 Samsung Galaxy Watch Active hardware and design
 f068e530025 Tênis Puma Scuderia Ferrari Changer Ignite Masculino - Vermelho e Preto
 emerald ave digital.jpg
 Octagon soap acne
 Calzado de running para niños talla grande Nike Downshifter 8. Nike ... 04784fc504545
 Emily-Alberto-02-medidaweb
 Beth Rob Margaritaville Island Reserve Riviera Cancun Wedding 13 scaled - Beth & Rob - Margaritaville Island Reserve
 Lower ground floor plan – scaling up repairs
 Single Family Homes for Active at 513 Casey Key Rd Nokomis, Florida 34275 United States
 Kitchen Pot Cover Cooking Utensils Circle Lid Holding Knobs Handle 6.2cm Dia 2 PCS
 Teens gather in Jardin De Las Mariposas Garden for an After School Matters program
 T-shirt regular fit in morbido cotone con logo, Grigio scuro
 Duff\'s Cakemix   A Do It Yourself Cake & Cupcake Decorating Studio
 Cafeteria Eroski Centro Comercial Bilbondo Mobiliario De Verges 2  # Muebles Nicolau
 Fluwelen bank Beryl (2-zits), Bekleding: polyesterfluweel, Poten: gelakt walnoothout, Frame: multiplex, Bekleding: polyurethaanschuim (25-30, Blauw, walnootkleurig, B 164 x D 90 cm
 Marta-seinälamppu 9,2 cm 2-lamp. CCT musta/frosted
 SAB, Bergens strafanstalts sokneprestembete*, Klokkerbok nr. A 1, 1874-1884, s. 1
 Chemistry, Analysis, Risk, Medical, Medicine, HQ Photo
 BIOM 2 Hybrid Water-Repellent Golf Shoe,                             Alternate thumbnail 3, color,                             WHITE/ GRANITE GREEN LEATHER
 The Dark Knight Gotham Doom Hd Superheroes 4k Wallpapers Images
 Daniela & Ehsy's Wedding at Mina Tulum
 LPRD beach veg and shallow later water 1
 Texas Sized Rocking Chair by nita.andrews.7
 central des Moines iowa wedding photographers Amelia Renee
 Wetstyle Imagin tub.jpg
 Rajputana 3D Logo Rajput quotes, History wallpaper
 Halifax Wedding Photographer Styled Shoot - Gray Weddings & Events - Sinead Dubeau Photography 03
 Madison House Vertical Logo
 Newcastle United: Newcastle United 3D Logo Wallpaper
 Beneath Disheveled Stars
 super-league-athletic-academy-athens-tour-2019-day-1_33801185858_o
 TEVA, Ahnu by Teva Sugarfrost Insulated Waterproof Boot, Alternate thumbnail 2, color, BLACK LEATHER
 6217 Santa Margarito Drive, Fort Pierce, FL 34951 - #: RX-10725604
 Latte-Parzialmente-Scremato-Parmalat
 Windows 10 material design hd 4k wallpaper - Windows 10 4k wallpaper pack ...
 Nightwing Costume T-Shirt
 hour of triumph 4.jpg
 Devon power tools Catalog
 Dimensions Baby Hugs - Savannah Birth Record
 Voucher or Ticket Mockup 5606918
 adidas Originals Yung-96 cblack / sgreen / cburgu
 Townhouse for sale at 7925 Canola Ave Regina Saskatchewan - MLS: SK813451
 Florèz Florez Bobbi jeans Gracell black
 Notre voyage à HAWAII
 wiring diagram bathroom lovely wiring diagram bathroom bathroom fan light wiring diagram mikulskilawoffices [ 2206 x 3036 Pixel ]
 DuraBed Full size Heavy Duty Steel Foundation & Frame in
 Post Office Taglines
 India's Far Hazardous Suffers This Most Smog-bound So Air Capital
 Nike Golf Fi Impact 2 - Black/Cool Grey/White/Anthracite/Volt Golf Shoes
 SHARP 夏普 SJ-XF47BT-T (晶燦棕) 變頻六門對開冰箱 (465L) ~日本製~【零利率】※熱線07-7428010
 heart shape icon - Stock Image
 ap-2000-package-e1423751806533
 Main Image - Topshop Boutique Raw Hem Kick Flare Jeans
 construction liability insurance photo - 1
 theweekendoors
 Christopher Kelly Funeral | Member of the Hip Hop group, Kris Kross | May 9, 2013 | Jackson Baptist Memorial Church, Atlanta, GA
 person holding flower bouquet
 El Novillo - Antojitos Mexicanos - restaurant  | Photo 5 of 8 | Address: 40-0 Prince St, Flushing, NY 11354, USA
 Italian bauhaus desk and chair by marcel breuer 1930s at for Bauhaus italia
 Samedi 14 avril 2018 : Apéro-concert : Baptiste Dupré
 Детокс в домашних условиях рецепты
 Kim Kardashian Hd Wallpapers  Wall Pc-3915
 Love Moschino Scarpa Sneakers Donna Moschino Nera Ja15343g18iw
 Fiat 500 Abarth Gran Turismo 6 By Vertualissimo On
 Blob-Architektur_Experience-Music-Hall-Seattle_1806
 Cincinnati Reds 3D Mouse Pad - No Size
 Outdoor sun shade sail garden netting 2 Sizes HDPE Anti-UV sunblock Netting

--------------------------------------------------

### Exercise instructions
Pull out every line in the data above that has the word "Golf".

### Output for this task
 BIOM 2 Hybrid Water-Repellent Golf Shoe,                             Alternate thumbnail 3, color,                             WHITE/ GRANITE GREEN LEATHER
 Nike Golf Fi Impact 2 - Black/Cool Grey/White/Anthracite/Volt Golf Shoes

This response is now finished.